Sorry for not adressing this before. You actually need to choose OR search type in GUI for it to work as you expect. Otherwise, if you leave it as AND, which is default value, you should recive about the same results as if you were using only ;

lunaro-4 avatar Jul 22 '24 17:07 lunaro-4

@samuellieberman

Thank you for pointing things out, will fix and add additional tests

lunaro-4 avatar Jul 22 '24 17:07 lunaro-4

Changes overview:

  • Multiple minor changes from code review by @yedpodtrzitko
  • New class KeyNameConstants for constant names, replaces hardcoded field names like "UNBOUND" and "EMPTY"
  • Fix incorrect behavior with multi-word special flags like no author
  • Fix negative prompt parsing

I also had to change search test from test_lib.py file, as --nomatch-- case worked incorrectly with negative prompt implementation.

Thank you for patience, will be waiting for new review.

lunaro-4 avatar Jul 27 '24 18:07 lunaro-4

@eivl The intention behind this PR is to give the user the ability to search entries by multiple custom fields.
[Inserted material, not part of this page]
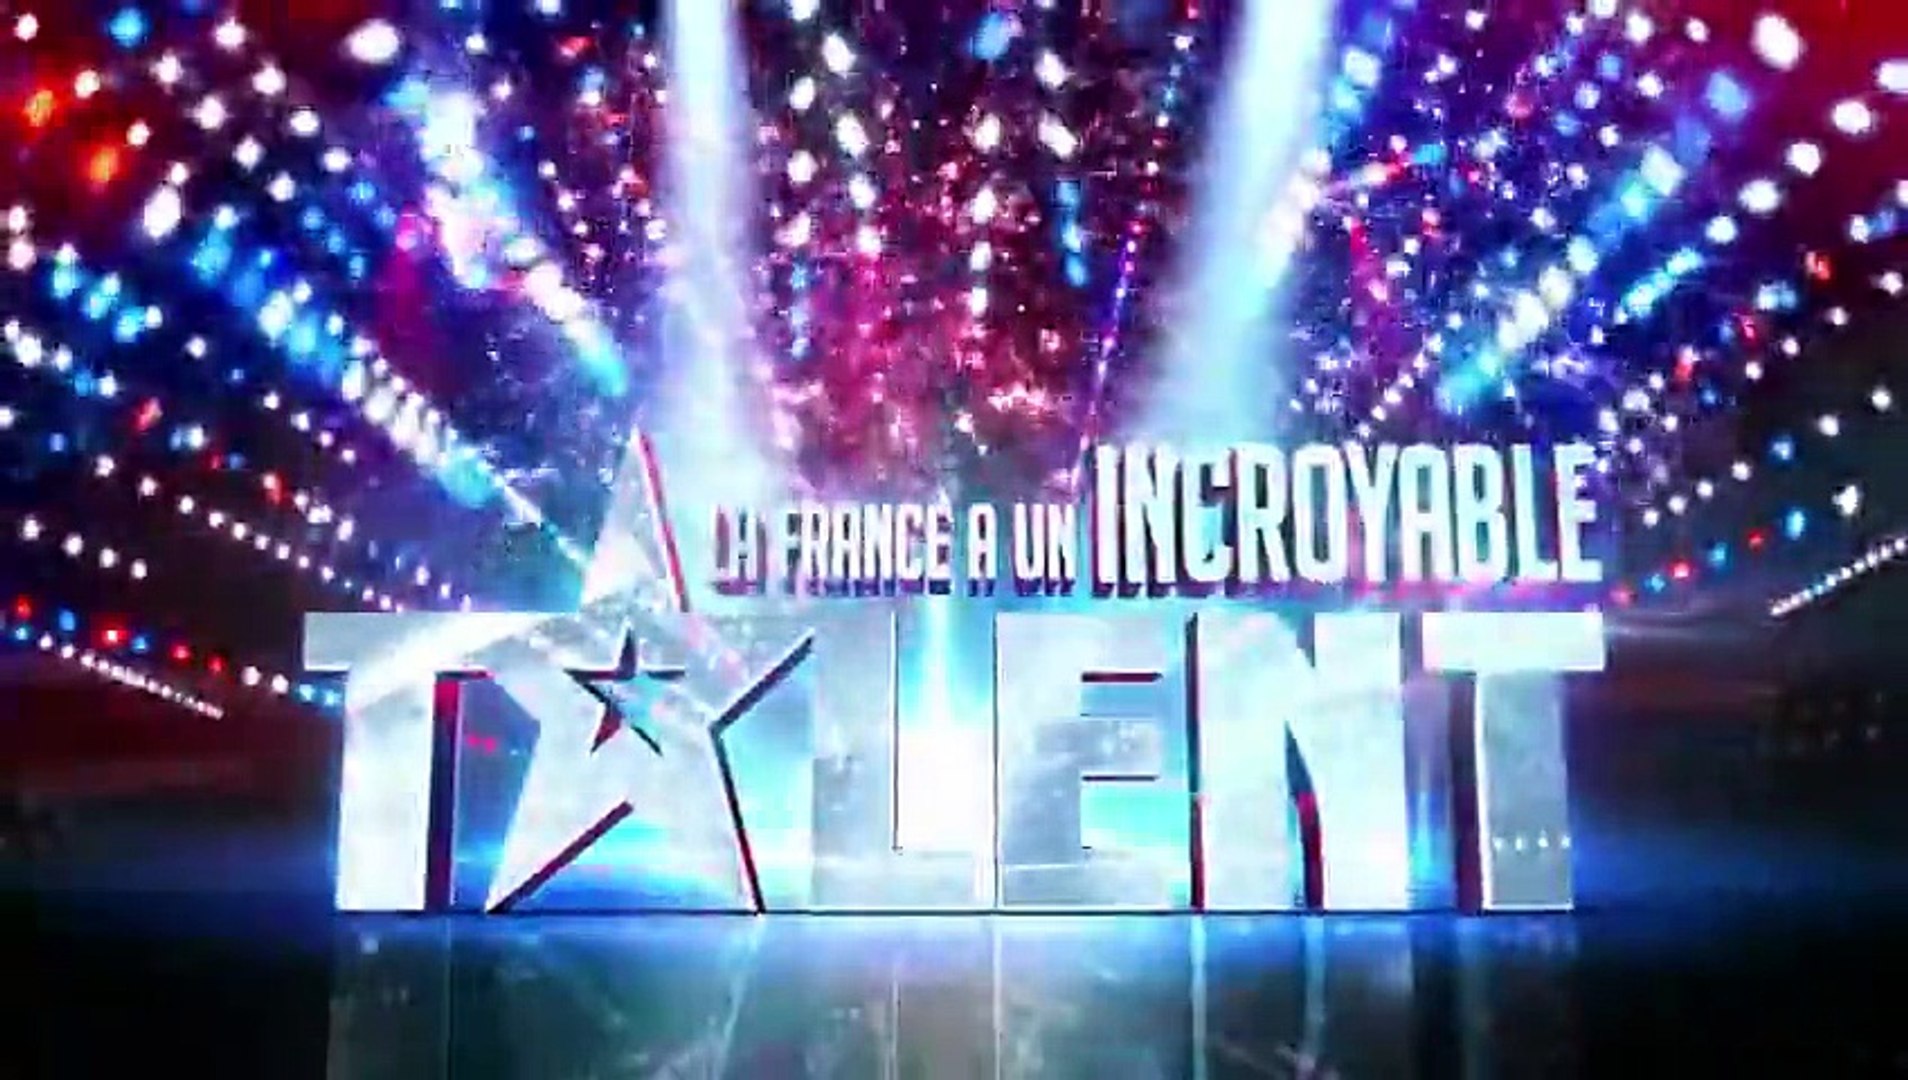 Amani the amazing 12 years old singer - Semi-Final 1 - France's Got Talent 2014
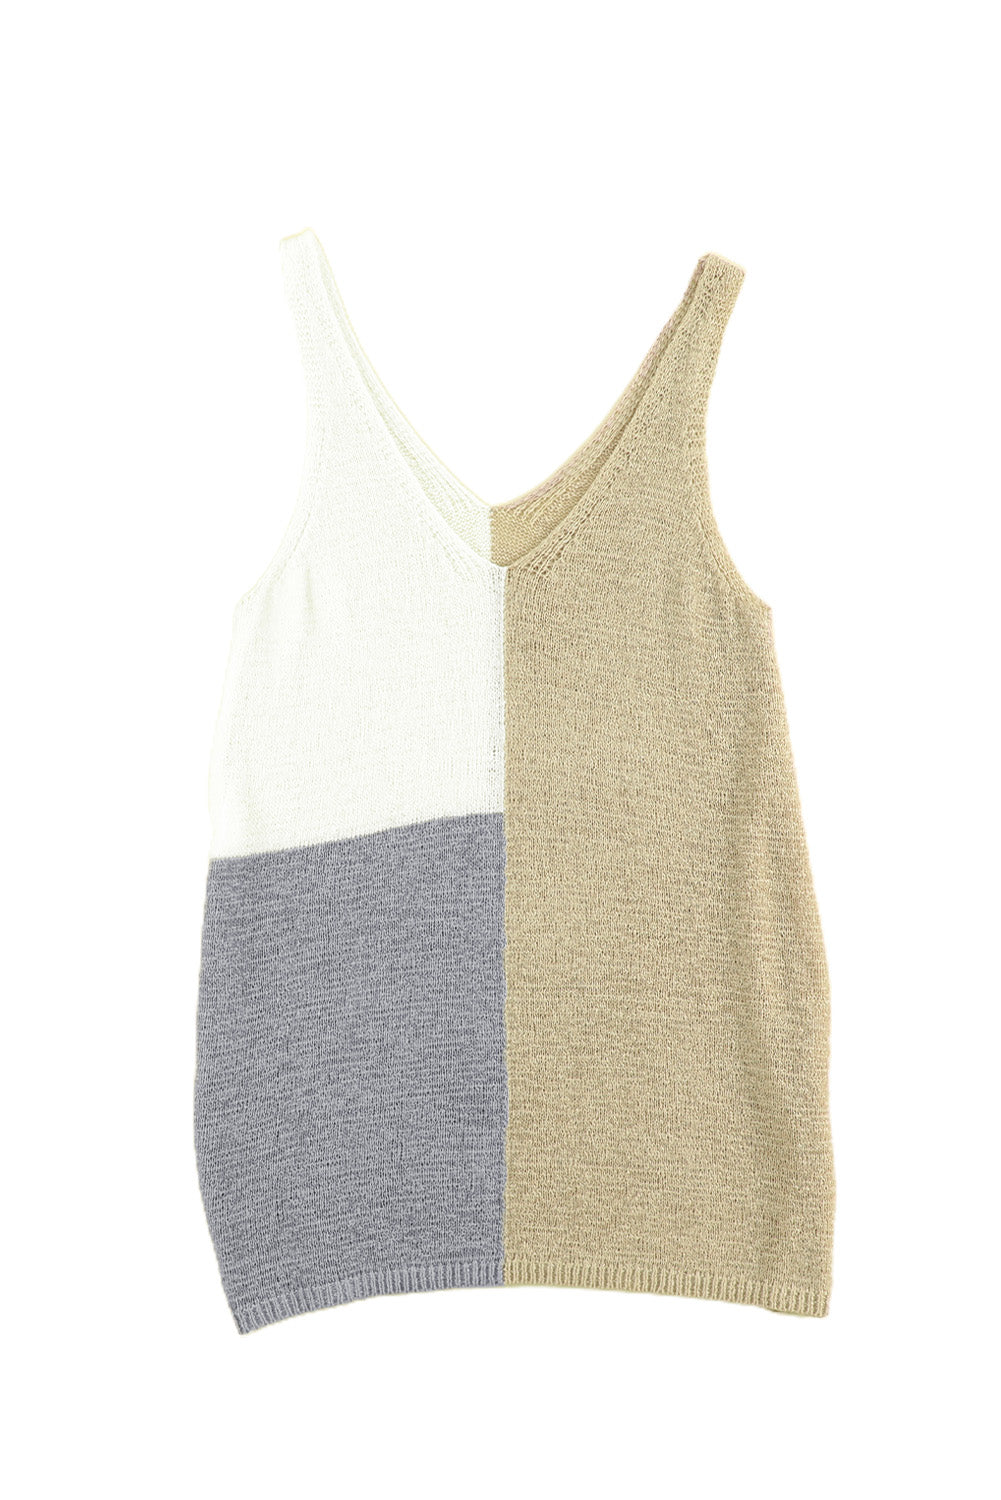 Apricot Color Block Knitted Tank Top Tank Tops JT's Designer Fashion

Current version of TagStudio only supports search by tags and filename, with this PR it is possible to filter entries by other fields, such as Description.

At first, there was only one search_libraty method, that did all the work. What I did was creating new method parse_metadata that parses arguments from search query, and extracting functionality from search_library into a separate class, called Filter. On initialization, this class copies all necessary information from Library. After that, Filter.filter_results could be called to get all entries, that fit the parsed search query.

Reading the query

Library.parse_metadata method splits the query into multiple parts, returning a list of dictionaries:

  • list element: query parts, which are separated by | symbol in query
  • dictionary element: query keys, provided inside query parts and separated by ; symbol, and it's value (if : symbol is provided)

Query keys that do not have values added to the 'unbound' dictionary key (name set in KeyNameConstants.UNBOUND_QUERY_ARGUMENTS_KEYNAME constant), and later treated as a whole query in original code.

negative prompt values are extracted from unbound values and put in dictionary key, specified in KeyNameConstants.EMPTY_FIELD_QUERY_KEYNAME. These values filter out entries, containing non-null values of specified query key.

Filtering the entries

Filter.filter_results method contains a nested loop, that iterates over the output from parse_metadata.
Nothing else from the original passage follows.